One of the key challenges in K-Means clustering is determining the appropriate number of clusters (\( K \)). Several methods are used to determine this, including:

1. **Elbow Method**:
   - Plot the sum of squared distances from each point to its assigned centroid (within-cluster sum of squares) against the number of clusters.
   - The point at which the decrease in the sum of squared distances slows down (forming an elbow) indicates the appropriate number of clusters.

2. **Silhouette Score**:
   - Measures how similar a point is to its own cluster compared to other clusters.
   - The average silhouette score for different values of \( K \) can help in choosing the best \( K \).

### Applications

1. **Customer Segmentation**:
   - Grouping customers based on purchasing behavior to tailor marketing strategies.
   
2. **Image Compression**:
   - Reducing the number of colors in an image by clustering similar colors.

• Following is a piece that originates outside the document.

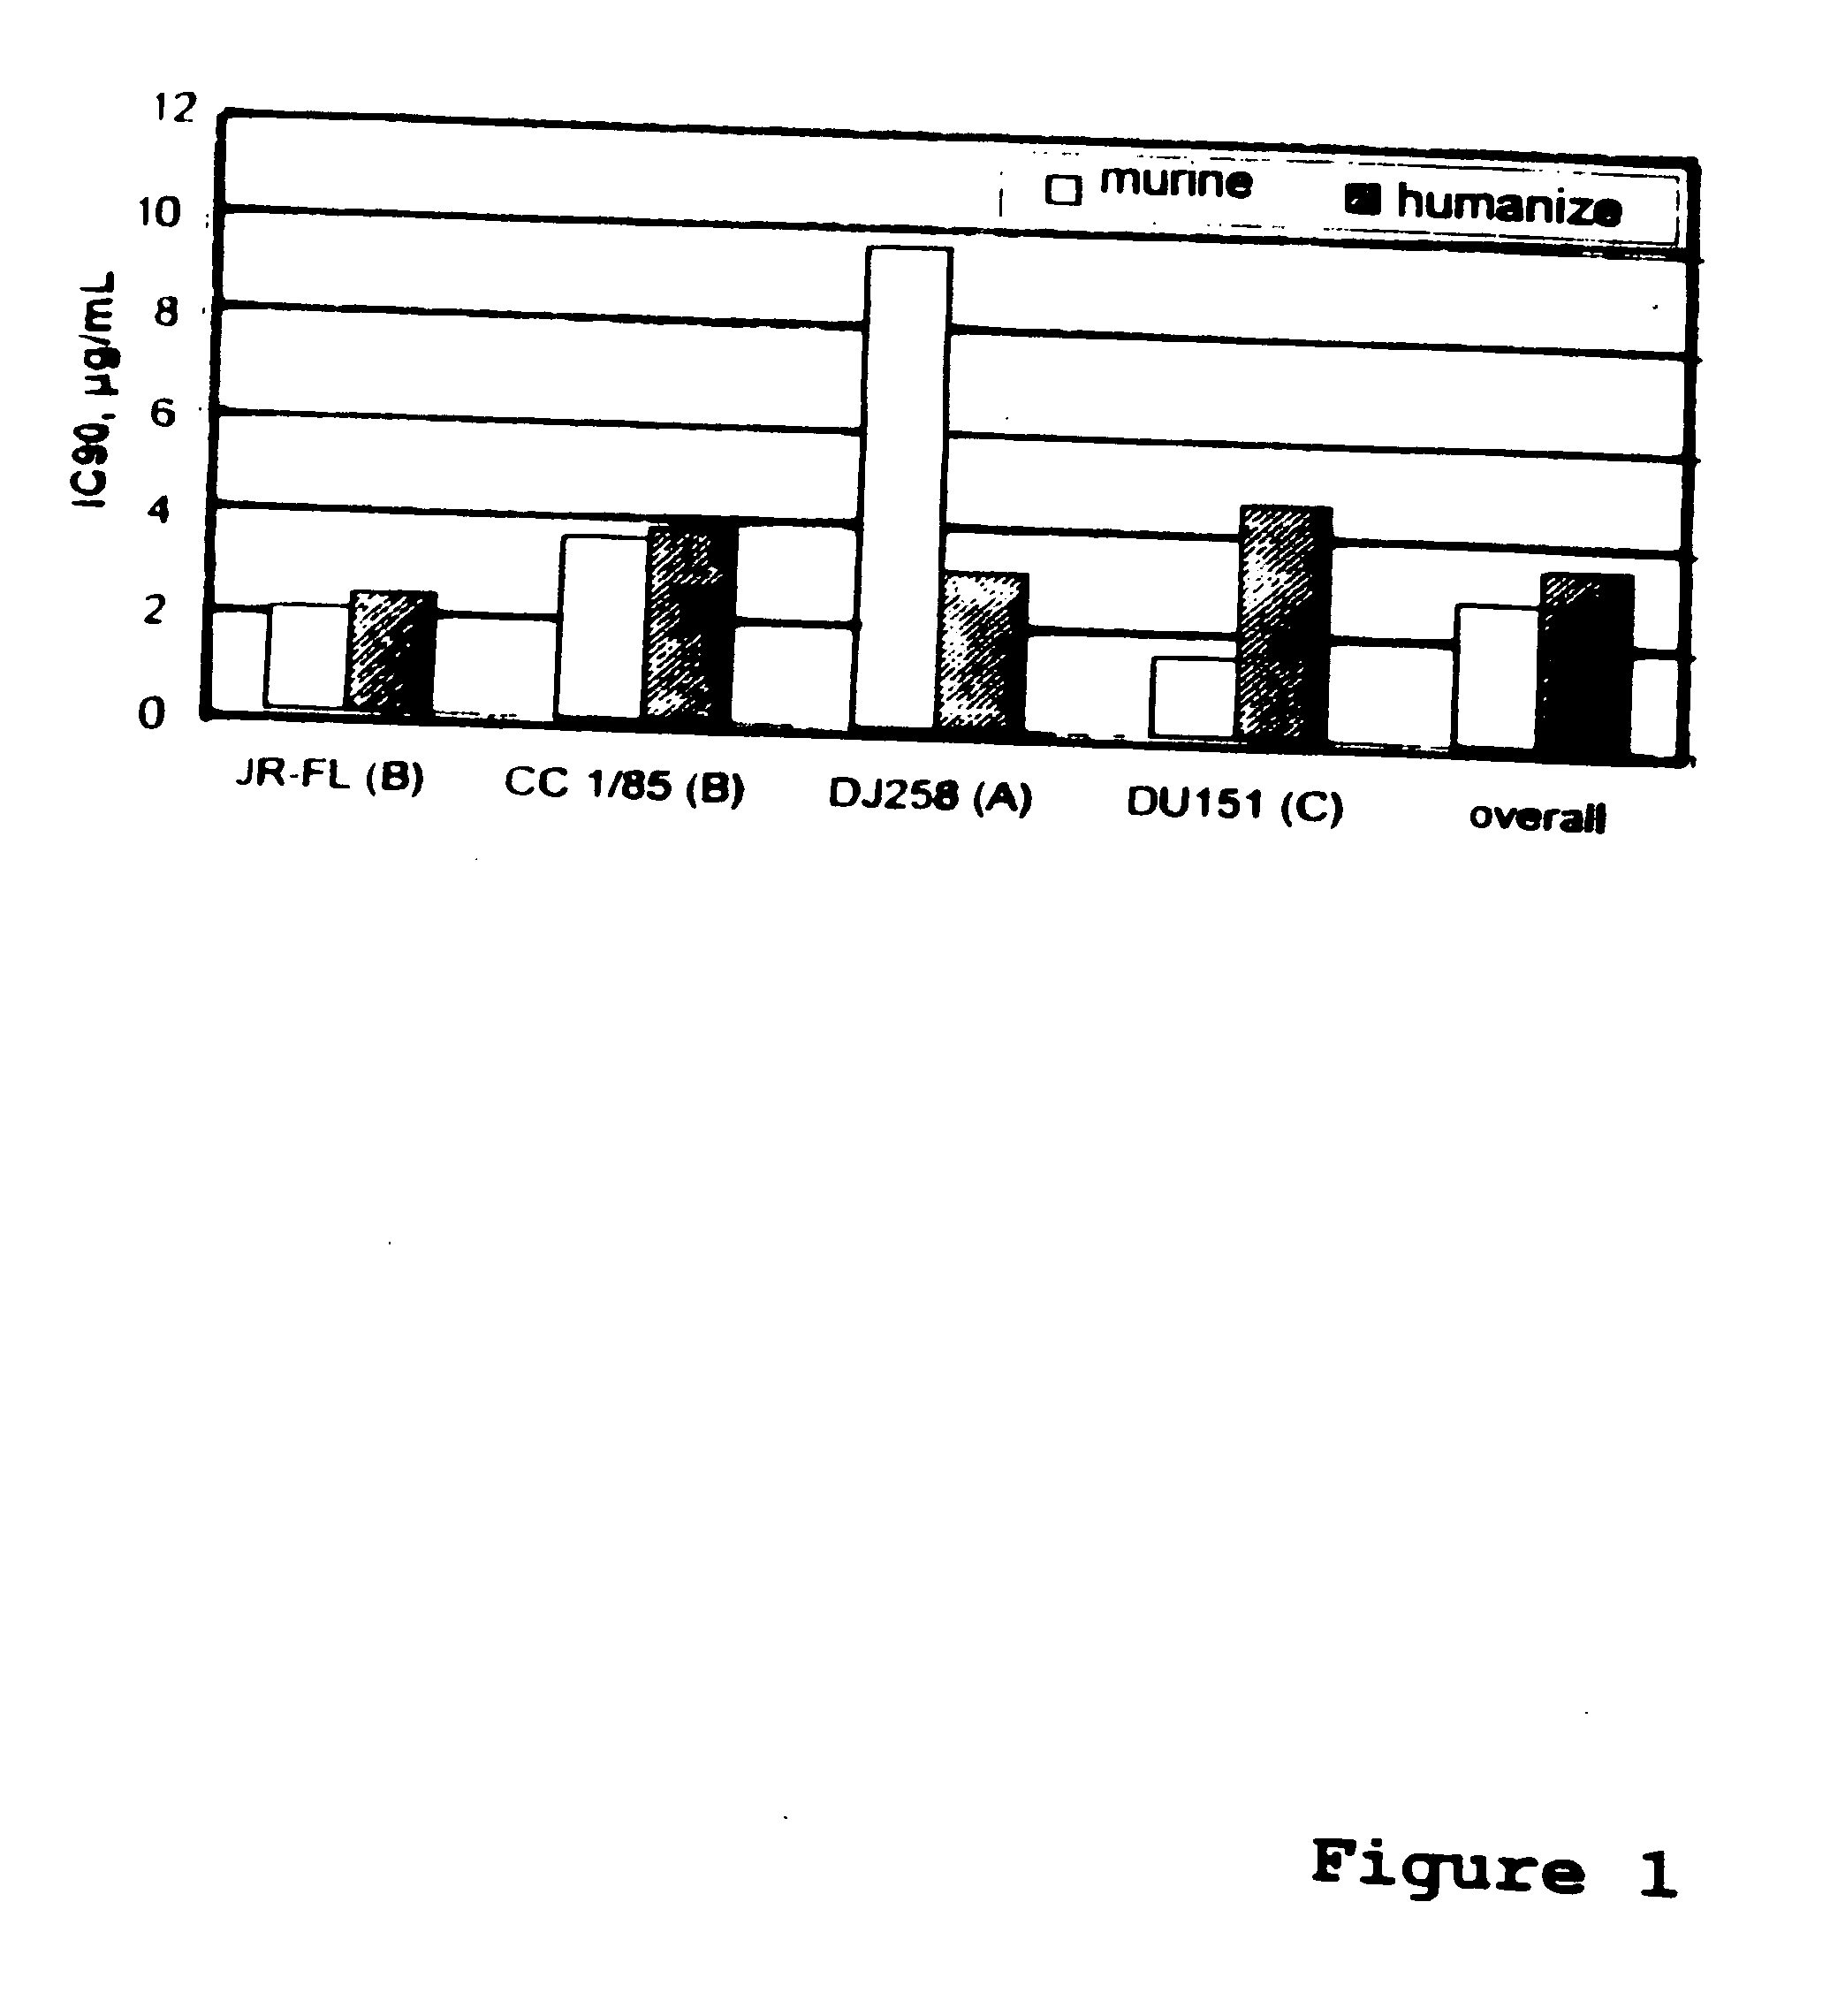 Methods for reducing viral load in HIV-1-infected patients

3. **Document Clustering**:
   - Organizing documents into topics based on content similarity.

### Advantages and Disadvantages

**Advantages**:
- Simple to implement and computationally efficient.
- Works well with large datasets.
- Easy to interpret and understand.

**Disadvantages**:
- Requires specifying the number of clusters in advance.
- Sensitive to the initial placement of centroids.
- Assumes clusters are spherical and equally sized, which may not always be the case.